# Is food coloring safe?



## Ladylazerstar702 (Sep 15, 2016)

I want to have each of my rats' paw prints. I was planning on using either just straight food coloring, food coloring and flour to make a paint, or maybe boiled blueberries, strawberries, etc for the color and then dip their pawsies and let them run around on a paper. Would it be safe for them? Obviously they're gonna eat a little bit so I just wanna make sure the food dye wouldn't be dangerous to them.


----------



## Ladylazerstar702 (Sep 15, 2016)

And on another note, what fruit or vegetable could I use to get green? The only things I can think of and lettuce and spinach and somehow I don't think those would give me too much success lol


----------



## KatieS (Nov 9, 2016)

Not too sure about the food coloring, but avocado would work for green. (x


----------



## kenbofosho (Nov 26, 2016)

I had an atrocious time to get my dog or rats to give me a good print from the paint stamp method for my tattoos. i used the salt dough method and made a perfect mold which turned out to be much less stressful and annoying for me


----------



## Ladylazerstar702 (Sep 15, 2016)

Did you just press the rats foot into the dough? One of my girls is extremely fickle and doesn't even like to be held in a scooping manor and absolutely refuses to be held around her tummy so I don't think that would work for her unfortunately


----------



## kenbofosho (Nov 26, 2016)

It can be done other ways.
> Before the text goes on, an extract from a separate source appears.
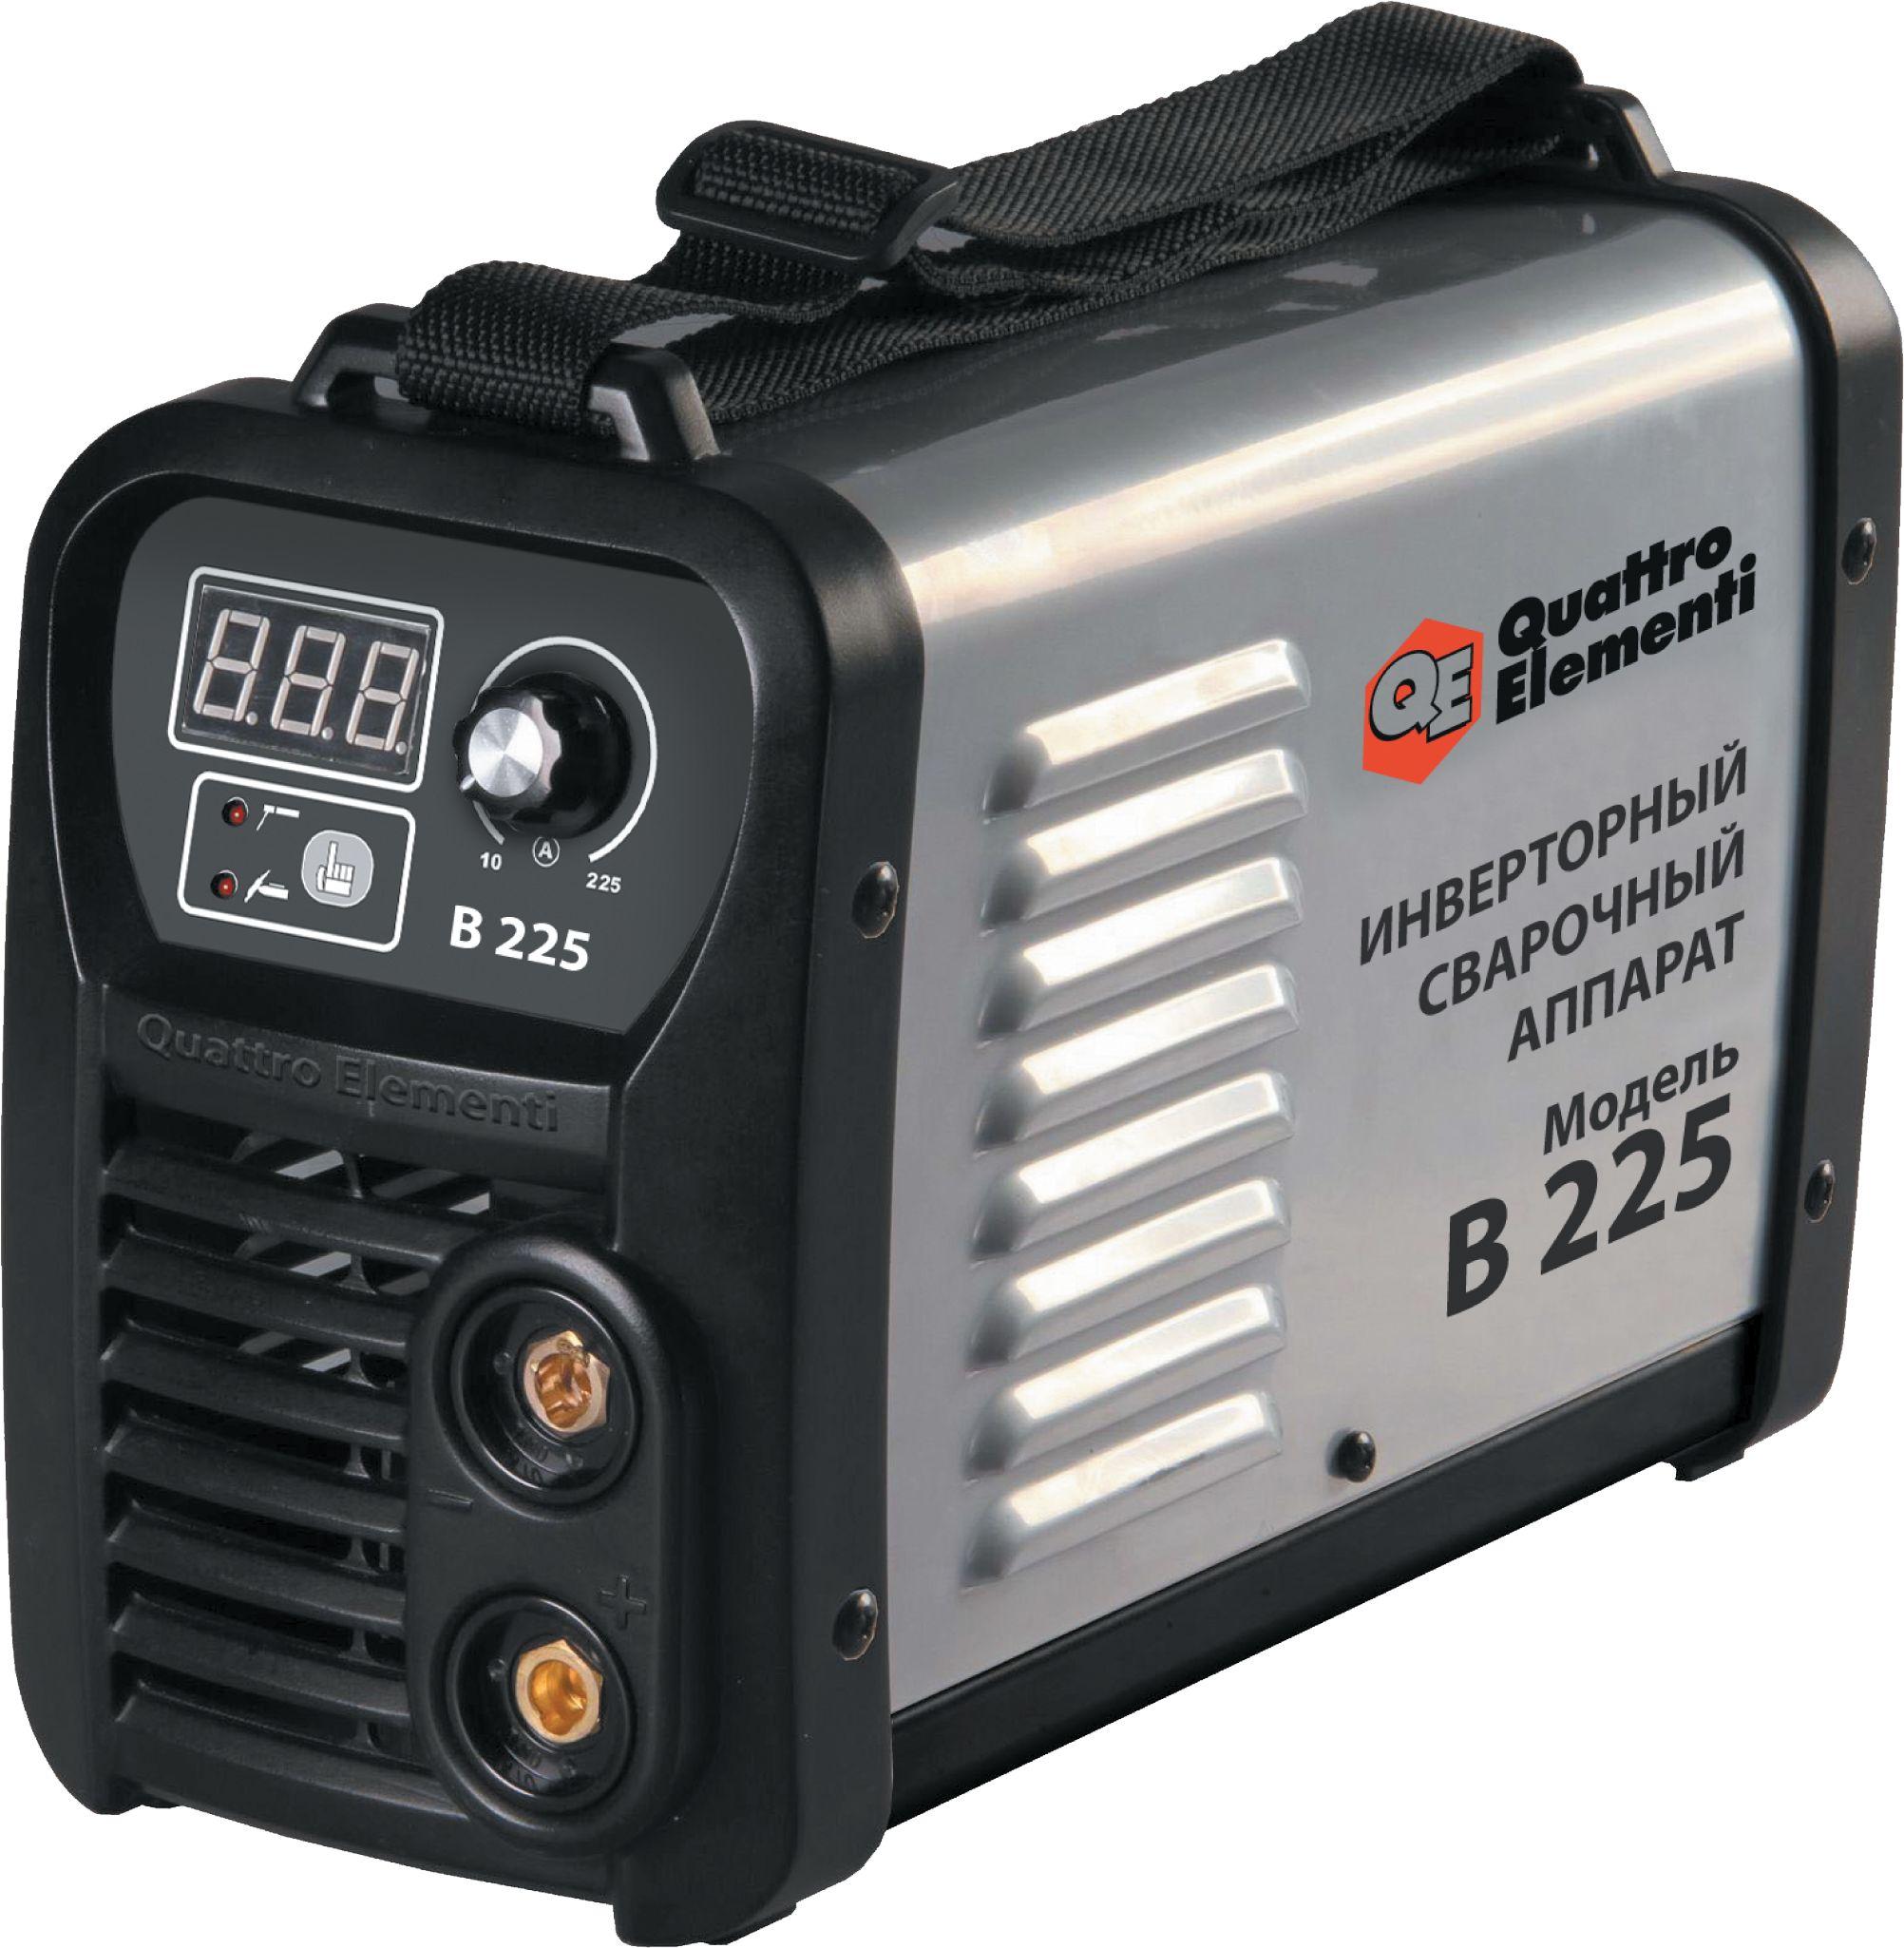 Сварочный аппарат Quattro elementi Qe В225

When i hold them for it i grab them under their arm pits with one hand and support their bottom with the other. 
are you familiar with salt dough? 
you can make it in big batches, roll it out in a cookie sheet or on a plate, let her walk on it and if she hold still use your finger to press her foot into the dough gently. it worked SO much easier for me. the paint method tended to make a huge mess honestly lol especially when their tail does the whole helicopter method and gets paint on your face


----------



## Gribouilli (Dec 25, 2015)

Yes food coloring would be ok under those circumstances; they won't lick much of it anyway. Using fruits won't work as I don't think it would stay for more than a few months at best. There are fruit based dyes but they are a concentrated form of the fruits/veggies pigments, not just the juice.


----------